Nisa-58. Ey insanlar! Biz nasıl ki peygamberliği ehil ve yetkin durumdaki elçilerimize veriyorsak, Allah da her işi ancak uzmanına vermenizi /onlara emanet etmenizi size emretmektedir. Ve insanlara hükmeden idareci konumundaysanız, mutlaka adil davranmanızı da emreder. Allah’ın bu şekilde uyarması, sizin için ne güzel bir nimet! Şunu aklınızdan da çıkarmayın ki, Allah her şeyi işitendir
-Başkalarından haksız kazanç elde etmek üzere Allah ile aldatanlara Bakara-9’ncu ayette dikkat çekilmektedir
Bakara-9. Böyle davranarak da Allah’ı ve iman etmiş olanları Allah ile aldatırlar. Hâlbuki böyleleri bu ikiyüzlü davranışları ile ancak kendi nefslerini aldattıklarının bilincinde bile değildirler.
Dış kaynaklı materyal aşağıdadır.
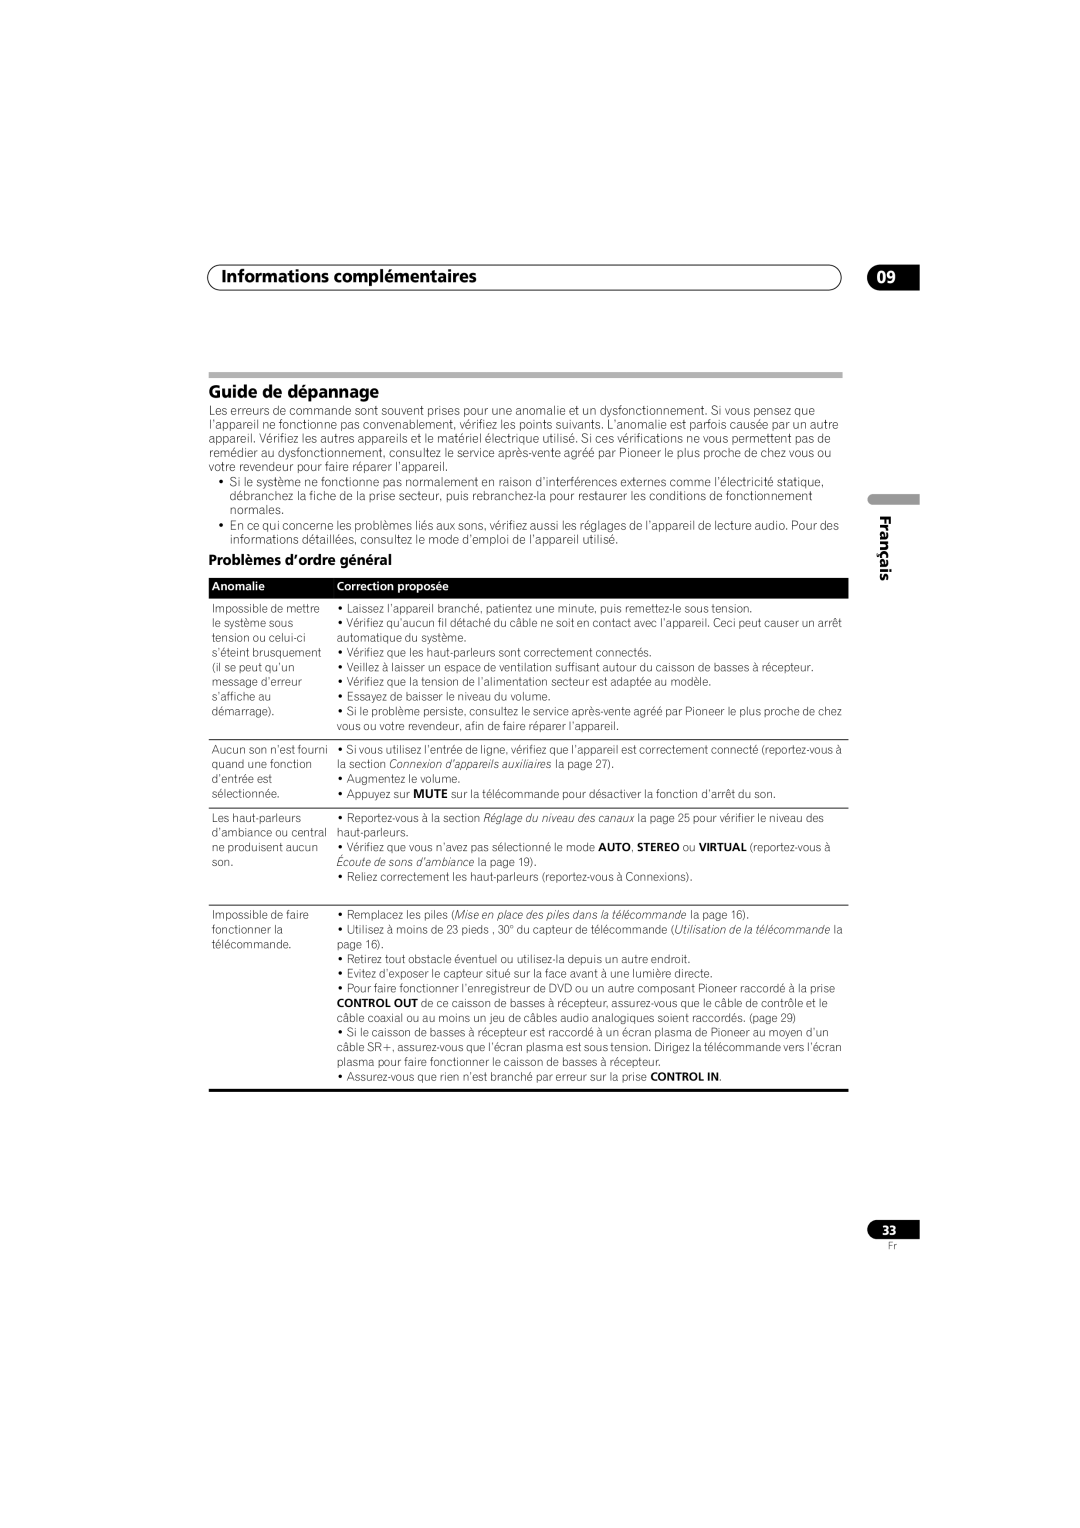 Pioneer SX-SW260, HTS-260 Informations complémentaires Guide de dépannage, Problèmes d’ordre général, Français, Anomalie

-Haksız kazanç elde etmek amacıyla Yeminleri aldatma ve hile aracı kullanmanın azap görme nedeni olacağı belirtilmiştir
Nahl-94. Tekrar diyoruz ki, yeminlerinizi aranızda aldatma ve hile aracı kullanmayın ki, daha önce sapa sağlam yere basmış olan ayağınız kaymasın. Çünkü böyle bir şey yaparsanız, Allah’ın yolundan sapmış olacağınız için perişan durumlara uğrar ve acı azabı hak etmiş olursunuz.
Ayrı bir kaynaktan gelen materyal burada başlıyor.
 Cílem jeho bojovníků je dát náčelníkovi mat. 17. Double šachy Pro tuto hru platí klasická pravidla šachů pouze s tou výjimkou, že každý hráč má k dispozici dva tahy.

-Sözünde durmamanın ve emanete sadık olmamanın hak gaspına yol açtığı vurgulanmıştır
Mearic-32. Doğru yolda olan Bu kişiler ayrıca emanete sadık ve sözlerine güvenilir kişilerdir ve ….
-Mirasın hak gasplı bir şekilde paylaşılmaması gerektiği belirtilmiştir.
Fecr-19. Size kalan mirası da haksız bir şekilde yiyorsunuz.
-Kur’an’daki muhkem /değişmez ana kurallarındaki gerçekleri, menfaatlerine göre değiştirme veya gizlemenin, bu gerçeklerden faydalanacakların haklarını gasp etmek ve sonuçta küfre sapmak olacağı belirtilmiştir
A’raf-45. Ey insanlar! Şunu iyice bilin ki, Cehennemi hak edenler, başkalarının Allah’ın bildirmiş olduğu birer gerçek olan muhkem /değişmez ana kuralları öğrenmelerini /anlamalarını engellemekte ve onları değiştirip çarpıtmaktaydılar. Onlar, ayrıca ahiret gerçeğini inkâr etmişler ve bu nedenle de küfre sapmışlardı.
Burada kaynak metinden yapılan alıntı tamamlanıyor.